My name is Joye. I am a sophomore at the University of Melbourne, studying Computing and Software Systems. Over the past few months I have been an AIGC R&D intern at Tezign in Shanghai, mainly working on Atypica — a multi-agent system for business research.

I have recently been looking for new opportunities and have interviewed at close to 10 companies, all AI startups and overseas startups, with roles focused on Agent development and LLM application engineering. Looking back after all those interviews, I realized that interview experiences for this direction are still quite scarce on the Chinese internet — unlike frontend or backend, where there is a systematic set of “eight-part essays” to grind through. Agent development interviews feel more like a deep conversation about “whether you truly understand what you are building.”

So I am writing this article partly to organize and reflect on my own interview notes, and partly to offer some reference for others exploring this same direction.

But I want to say one thing first: this article is not just for people preparing for interviews; it is equally for those who are learning Agent development and building their own Agent projects.

Why? Because there is a fundamental difference between Agent interview questions and frontend “eight-part essays” — you might never use the frontend trivia you memorized, but the questions asked in Agent interviews are real design decisions you genuinely need to consider while building projects. “What do you do when context overflows?” is not an interview question; it is an engineering problem your Agent will definitely hit on its 20th turn of conversation. “How do you prevent an LLM from misusing tools?” is not an interviewer trying to stump you; it is the bug report you will receive in the first week after deploying to production.

Think about it from another angle: if you have already taken context engineering seriously, built robust safeguards for tool-calling, and thought through prompt-injection defenses in your own project — then these are not “questions to prepare for,” but real battle stories you can tell naturally. That is what truly earns you bonus points. Going forward, I will carry these questions with me into every new project I build.


What Agent Role Interviews Actually Test#

Differences from Traditional Development Interviews#

After so many rounds, my biggest feeling is this: Agent development interviews almost never have “standard answers.”

In a traditional frontend interview you can memorize closures, the event loop, and virtual DOM diff algorithms, and that gets you 70–80% of the way there. But the Agent direction is different. Many of the questions interviewers ask are open-ended. They are not testing what you remember; they are testing what you have been through. “What do you do when your Agent gets stuck in an infinite loop?” — someone who has not stepped in that puddle simply cannot make up a convincing answer.
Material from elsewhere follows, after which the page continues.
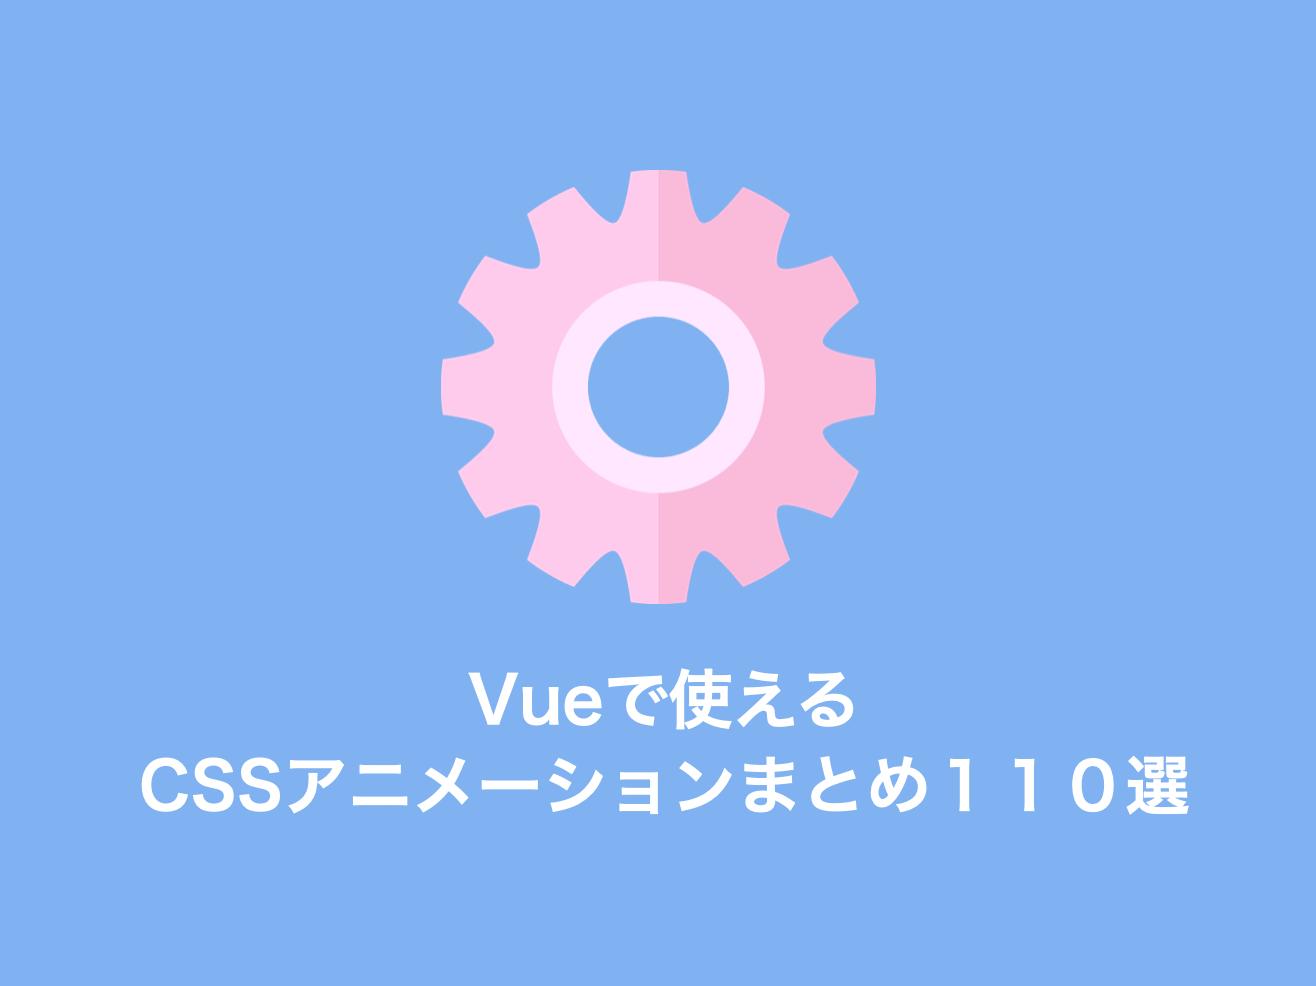 スクリーンショット 2020-07-25 15.40.27.png

From what I have observed, interviewers care about three layers:

  1. Can you use it? — Have you used LangChain? How did you set up RAG? How did you design your MCP server?
  2. Do you understand why it was designed this way? — Why do structured prompts work better? Why do memory hierarchies matter? Why did you choose the Vercel AI SDK?
  3. Can you make trade-offs under engineering constraints? — What if your token budget is tight? How do you balance response speed versus quality? How do you handle model hallucinations?

The first layer comes from experience, the second from understanding, and the third from judgment. The further down you go, the harder it is to prepare for, but the more it reveals your engineering maturity.

Full Taxonomy of Interview Questions#

I have grouped the questions I encountered by topic. Together they cover the main directions Agent development interviews tend to explore:

RAG and Retrieval Augmentation

  • Differences and applicable scenarios for multi-hop versus single RAG
  • How to do retrieval augmentation
  • When to use vector retrieval versus graph-database retrieval in RAG
  • How to do data cleaning for RAG
  • The evolution path from RAG → Agentic Search → Agentic Memory

Agent Architecture and Orchestration

  • Agent routing design: how to decide which sub-agent to call
  • Fallback mechanism design for Agents
  • Are sub-agents parallel or asynchronous? Can they communicate with each other?
  • How to prevent an LLM from misusing tools
  • How to handle infinite tool-calling loops
  • How to design an MCP server
  • Overall framework design for Agent workflows
  • How to implement callback mechanisms

Context Engineering and Token Management

  • How to save tokens
  • What to do when context overflows (besides FIFO)
  • How to convert short-term memory into long-term memory
  • Prompt compression strategies
  • Where to place prompt caches

Prompt Engineering and Safety

  • Why structured prompts improve response quality
  • How to design subtle emotional chain-of-thought
  • How to prevent prompt injection attacks
  • How to turn abstract requirements into concrete ones (making AI “smarter” or “more human”)
  • Whether prompt-injection defenses are in place at the start and end of interviews
  • Negative effects of one-shot prompting: insufficiently differentiated examples can limit the model’s thinking

LLM Foundations and Model Engineering

  • Attention mechanism (common knowledge)
  • Pretraining versus LoRA fine-tuning
  • Design and limitations of LLM-as-a-Judge
  • Trade-offs between response speed and quality
  • How to avoid OOC (Out of Character)
  • How to handle LLM hallucinations

AI Infra and Engineering

  • Design of model gateway / Agent gateway
  • Building an eval platform
  • DPO / APO algorithm evaluation
  • Why use the Vercel AI SDK

Industry Awareness and System Design

  • How Manus, OpenClaw, and OpenCode approach architecture design
  • Major Agent application scenarios: AI search, Chat-to-BI chart generation, Vibe Coding
  • Relationship and differences between Skill and MCP
  • Experience with LangChain / LangGraph

If you look at this list, you will notice that none of these can be solved by “memorizing.” They test your holistic understanding of the system and your judgment in real engineering situations.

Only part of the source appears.